Clinical records consist of a collection of clinical observations, treatment histories and medical test results produced at different stages of patients’ health care. Elements of clinical records include admission notes, progress notes, radiology reports, pathology reports and discharge summaries. Despite containing some coded information, most of the important details in clinical records remain locked away in unstructured text [1]. For this reason, the automatic analysis of clinical records has become an important research area with significance to a variety of systems for reducing medical errors and improving other aspects of health care such as disease surveillance [2].

Our research focuses specifically on the automated analysis of clinical progress notes to provide clinicians with intelligent functions to support their everyday decision making. The urge amongst clinicians for faster text entry while attempting to retain semantic clarity has, however, contributed to the noisy structure of progress notes [3]. A progress note is considered as containing noise when there is potential difference or ambiguity between the surface form of the entered text and the intended content. For instance, a clinician could mistakenly enter “pb” instead of the intended “bp” or “blood pressure”. Similarly, the preferential use of acronyms such as “arf” over “acute renal failure”, which could potentially lead to ambiguous interpretations of notes, is another source of noise. The more noise clinicians introduce in their progress notes, the less intelligible the notes will become. Some of the common types of noise are abbreviation, misspelling and punctuation error. From here onwards, abbreviations will be taken to simply mean shortened forms of words (whether common or ad hoc), and can comprise acronyms, initialisms and so on.

A quick look at the literature reveals that noise remains a major hurdle towards achieving accurate and robust progress note analysis for real-world applications. In the words of Friedlin et al. [4], “A chief barrier to accurate NLP classification was that many free text results disregarded grammatical rules. These reports frequently contained incomplete sentences, spelling errors, and/or lacked proper punctuation”. A missing punctuation mark or a few too many abbreviations can often render standard natural language processing tools such as part-of-speech taggers unusable. To date, most research into progress note analysis remains experimental, and deals with the cleaning phase (also known as normalising) by either ignoring it all together [4], requiring the input data to be cleaned beforehand [5], or using machine learning techniques that are expensive to set up and impractical to deploy. The challenge of achieving complete and accurate progress note analysis, therefore, begins with a robust, practical approach dedicated to cleaning noisy input. The focus of this paper is on addressing this challenge.

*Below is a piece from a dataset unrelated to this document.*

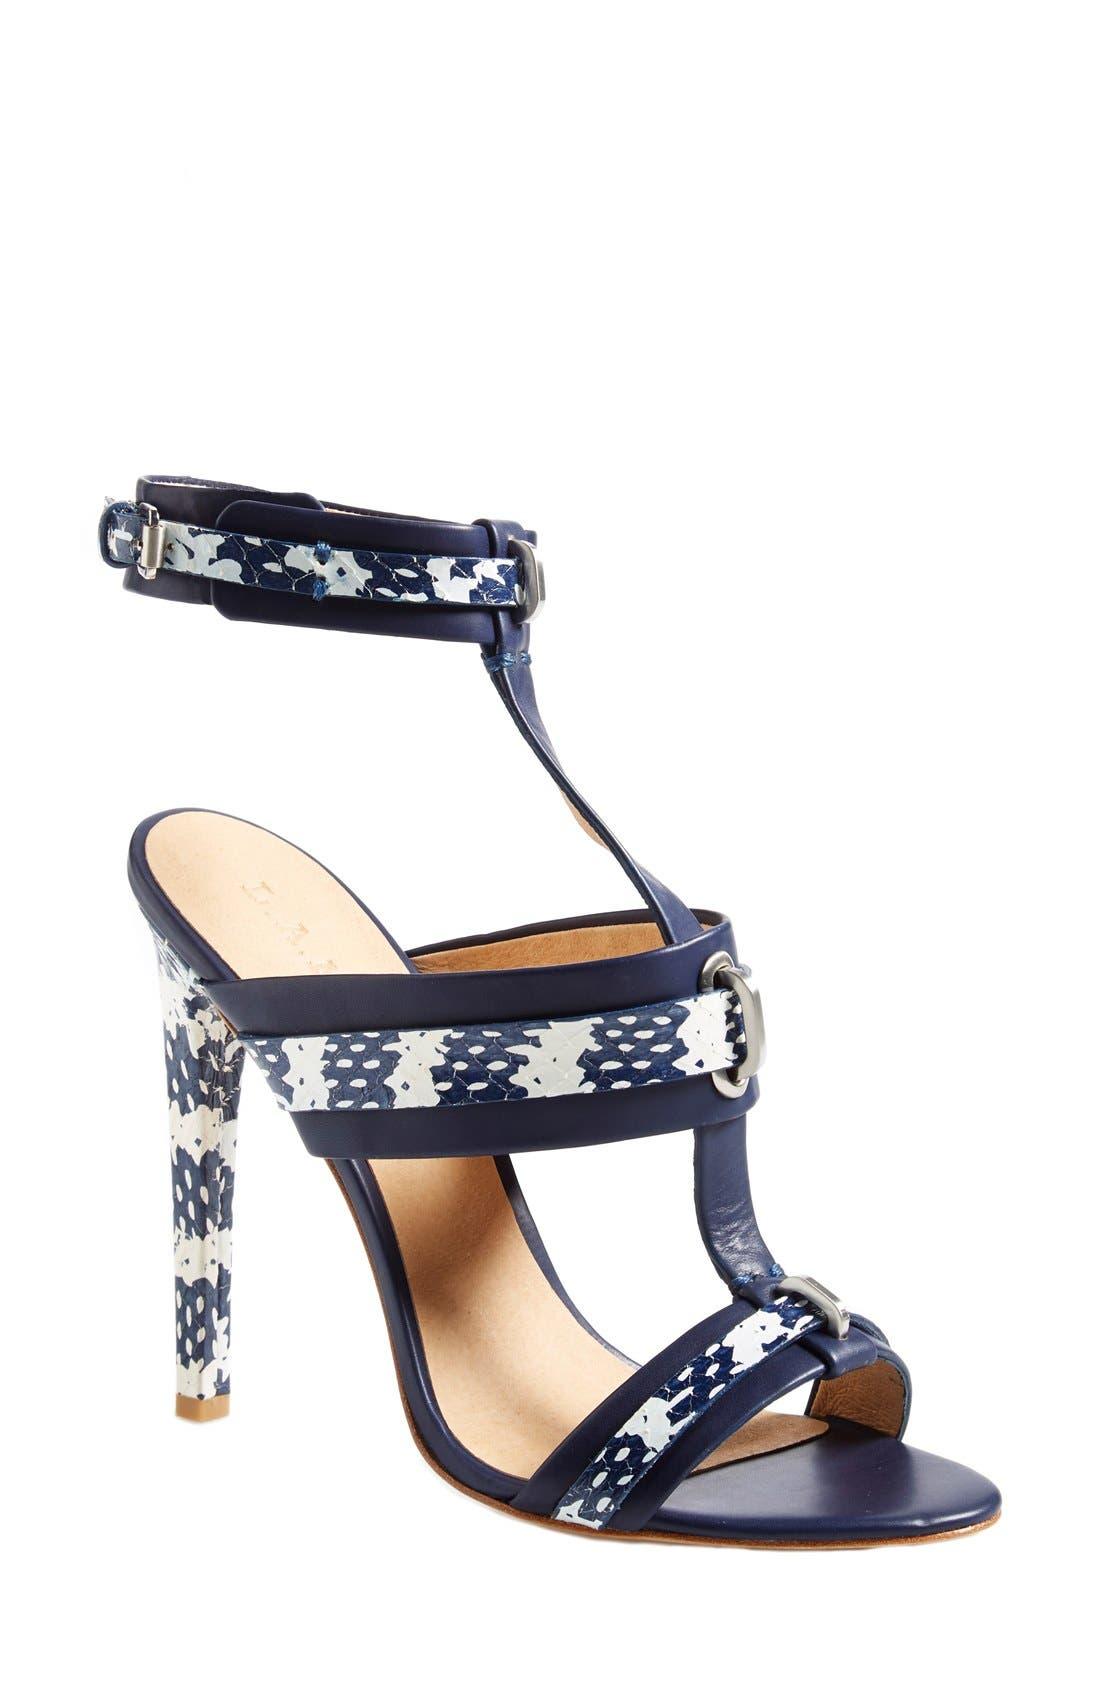 Alternate Image 1 Selected - L.A.M.B. 'Bradley' T-Strap Sandal (Women)
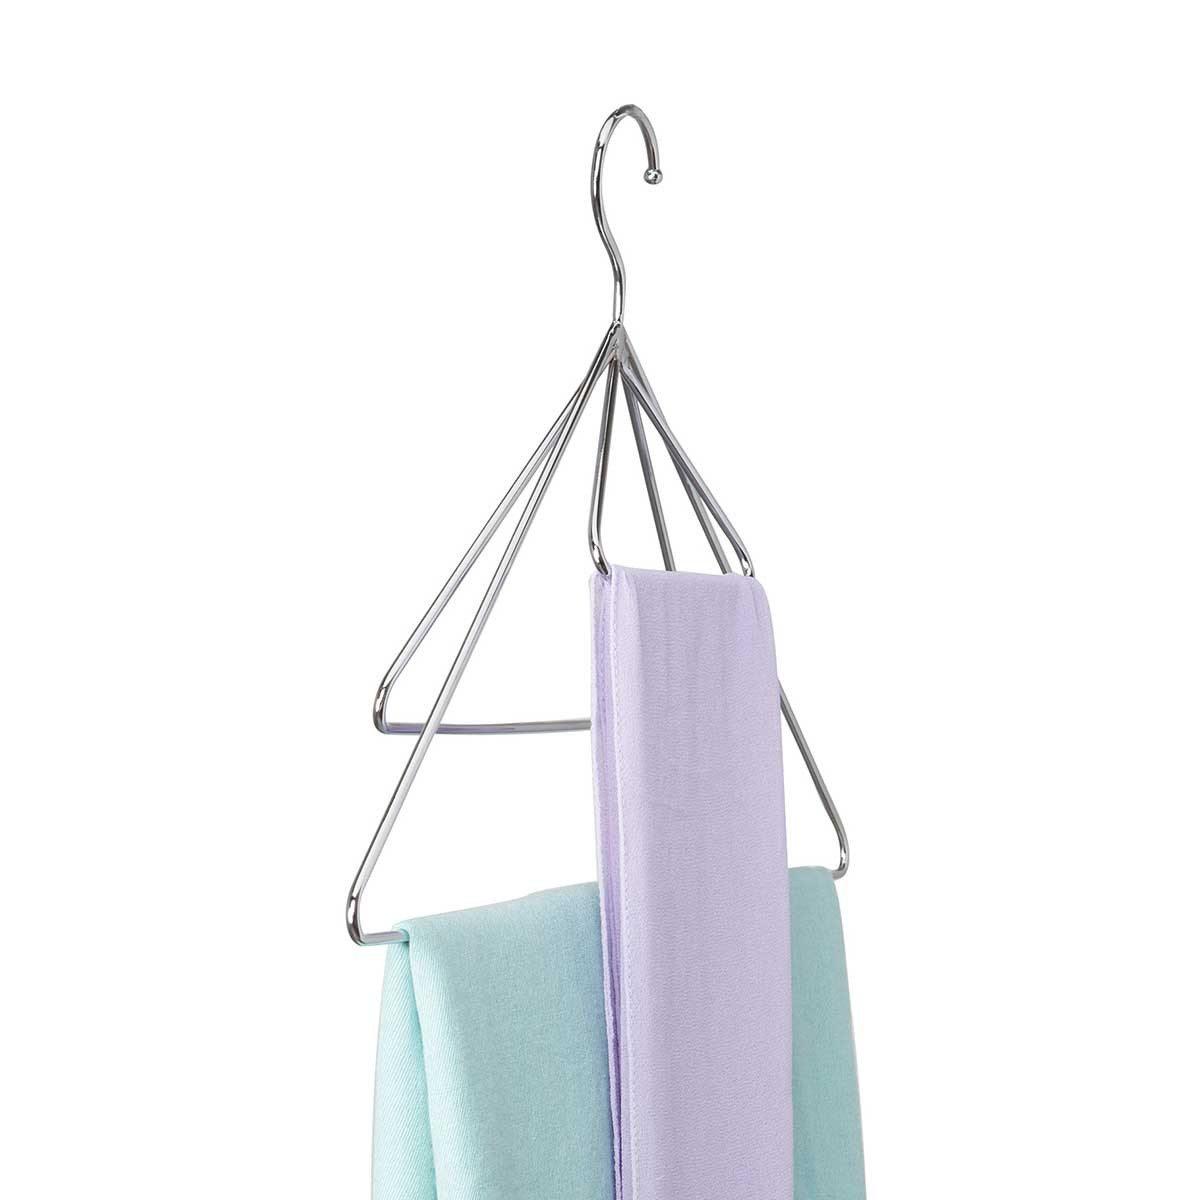 Schal- und Tuchhalter

Recently, it was suggested that the problem of abbreviation disambiguation is simpler than that of general term disambiguation [6]. A quick look at an actual progress note in Fig. 1 would immediately suggest otherwise. While expanding abbreviations may be relatively straightforward with respect to the biomedical literature [6], [7] or other properly curated texts [8], disambiguating abbreviations in clinical progress notes is definitely non-trivial. A number of problems contributed to the difficulty of achieving real-time performance in progress note analysis amongst existing systems. This paper focuses on the following: (1) nonconformity of the structure of progress notes to conventions, (2) noisy contextual information derived from progress notes, (3) inability of static dictionaries to easily reflect changes in the domain, and (4) problems with machine learning techniques. We will discuss more on these points and other related work in Section 2.

This paper addresses the four problems described above in the form of an integrated clinical progress note cleaning system based on statistical semantics and a novel confidence mechanism. The four main distinguishing points that separate the proposed system from existing ones are:

  • The system automatically corrects both abbreviations and misspellings.

  • The system is easy to set up without the trouble of training using hand-crafted data, or the complexity of preparing a variety of features (e.g. from static knowledge sources, part-of-speech tagging, etc.) for classification.

  • The system uses statistical information derived from the distributional behaviour of words (i.e. statistical semantics) on the World Wide Web (or the Web from here on) to generate a set of scores to automatically produce the preliminary corrections.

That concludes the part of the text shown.